▶ TASK DETAILS: The copy you return must match the listing word for word and carry no pictures.

▶ STORED DATA:
==================================================

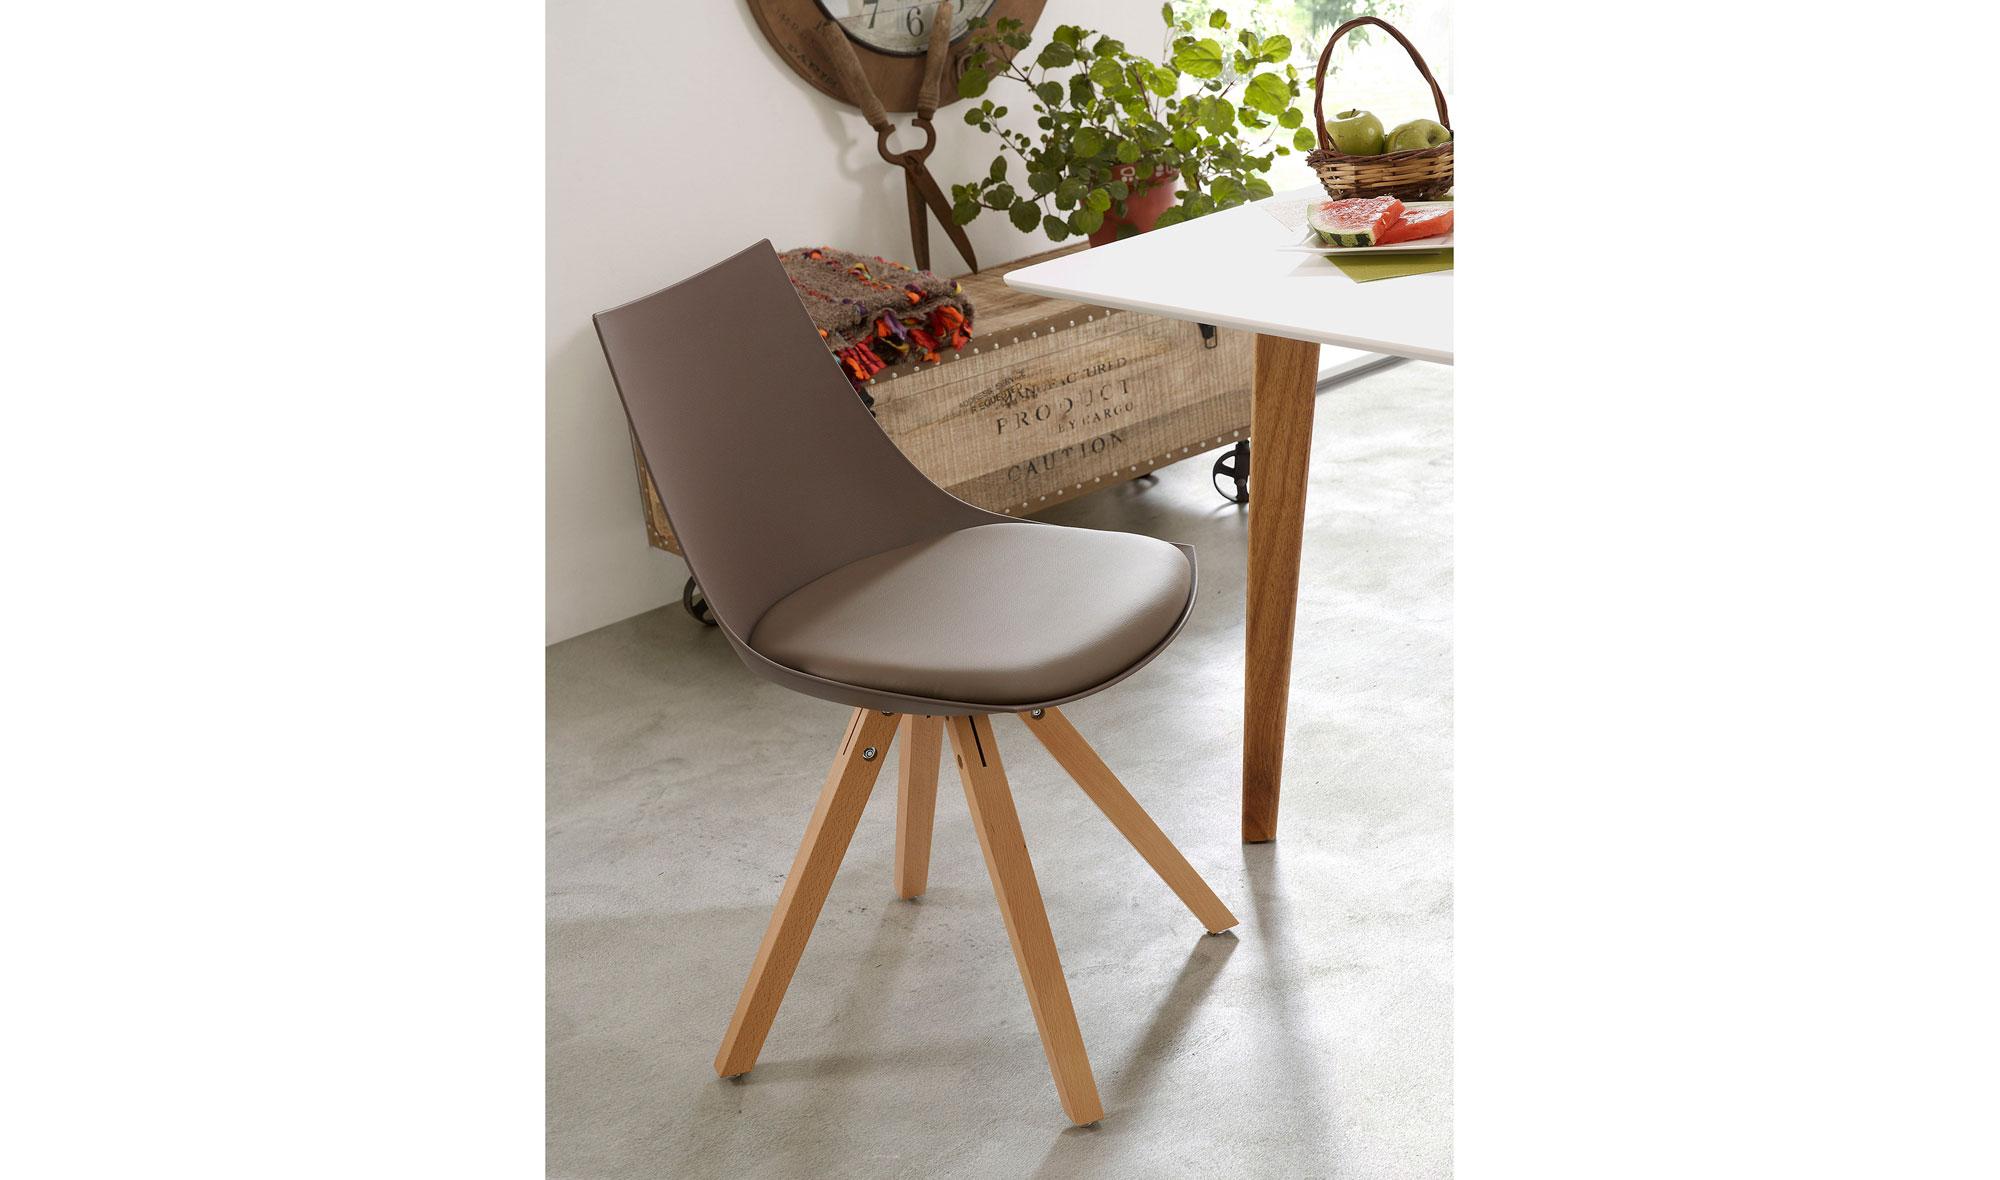 Silla madera moderna gallery of silla moderna jazz madera for Sillas de madera modernas
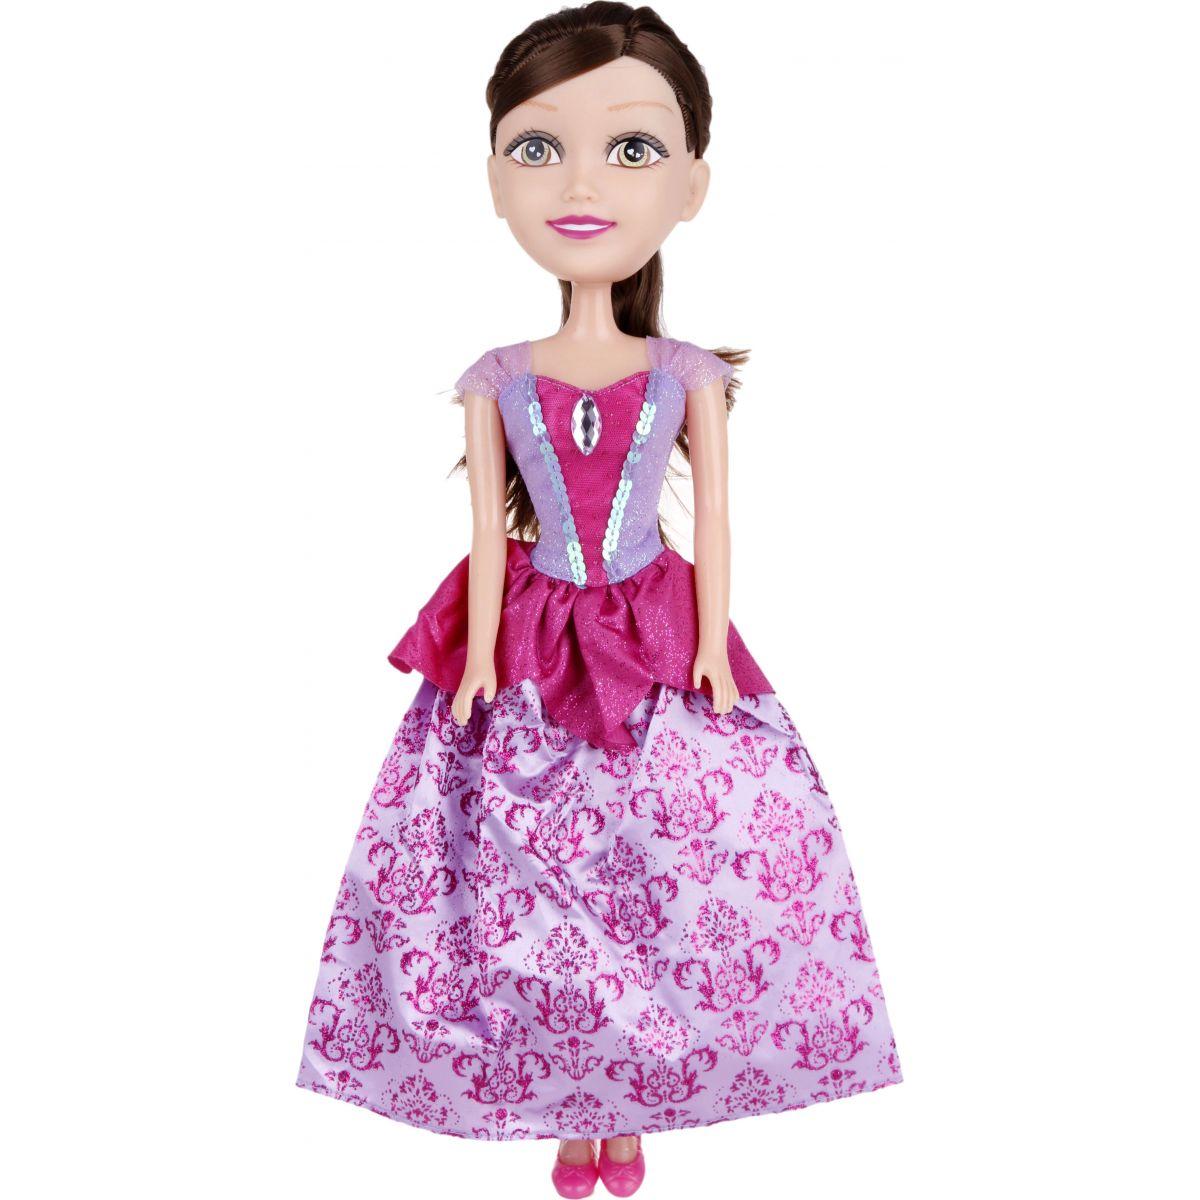 Alltoys Princezná 50 cm Sparkle Girlz Fialovo ružové šaty
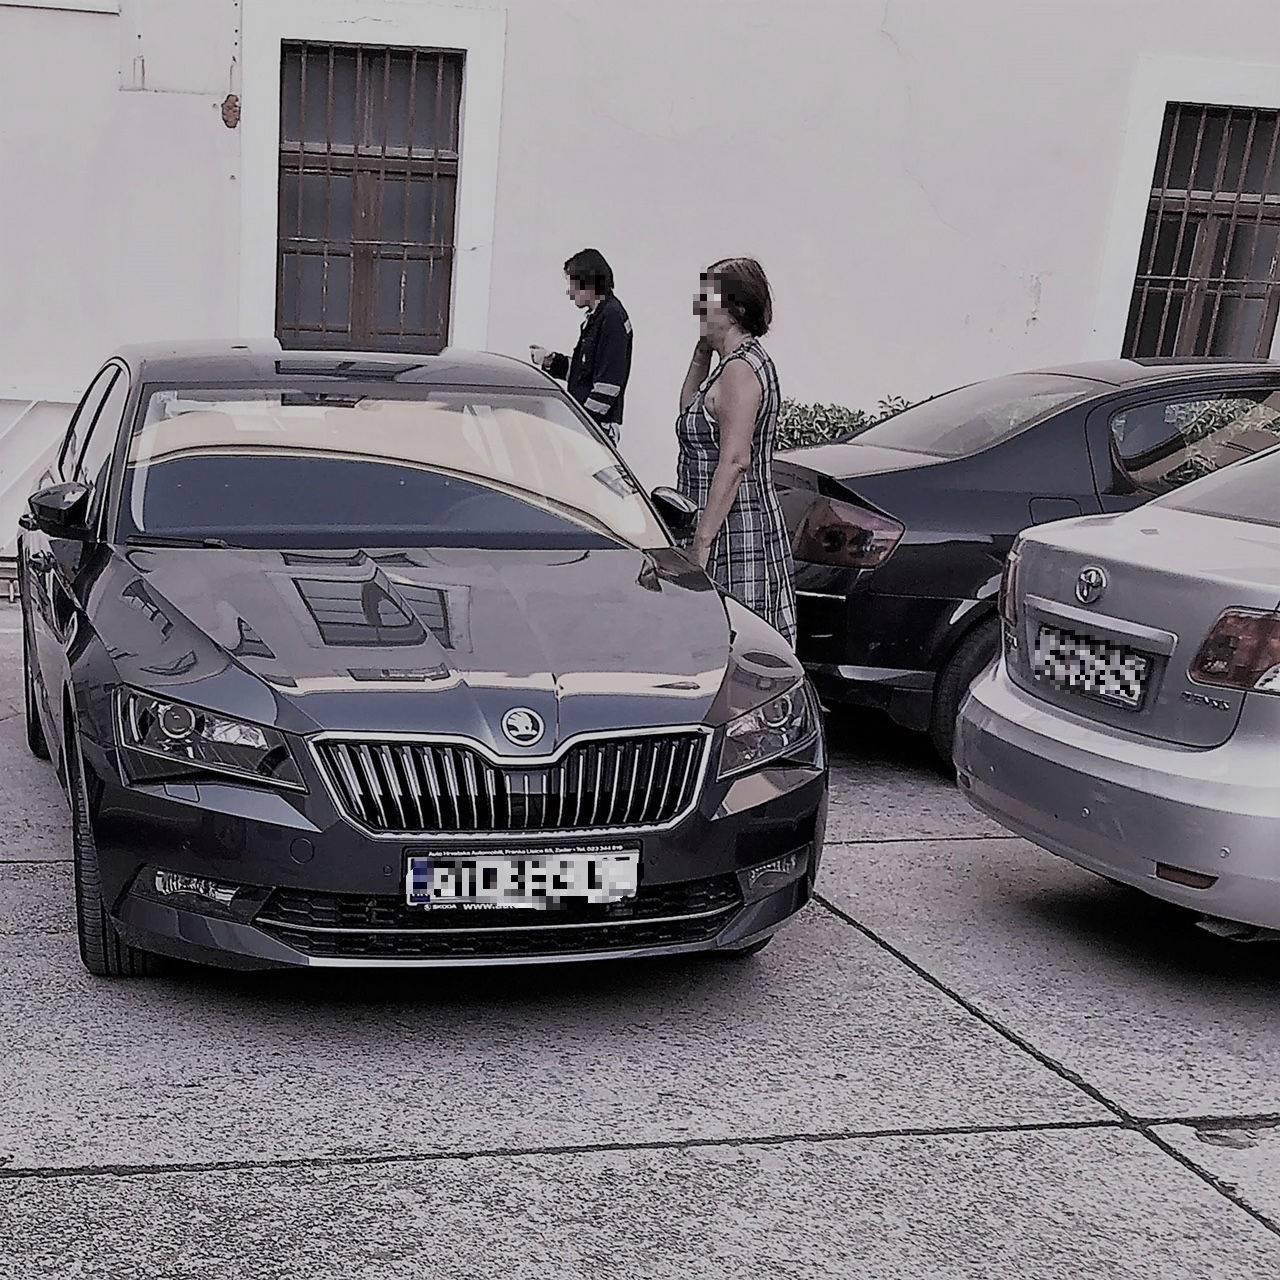 Direktor Vodovoda naručio je novi auto za 300 tisuća kuna
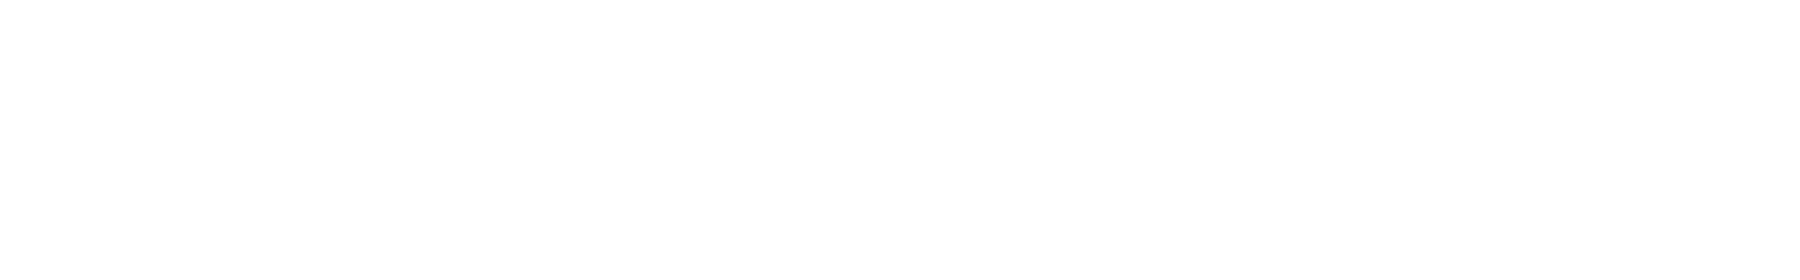 vedh bass cut 134 c

==================================================

▶ TASK OUTPUT:
 Silla madera moderna gallery of silla moderna jazz madera for Sillas de madera modernas
 Alltoys Princezná 50 cm Sparkle Girlz Fialovo ružové šaty
 Direktor Vodovoda naručio je novi auto za 300 tisuća kuna
 vedh bass cut 134 c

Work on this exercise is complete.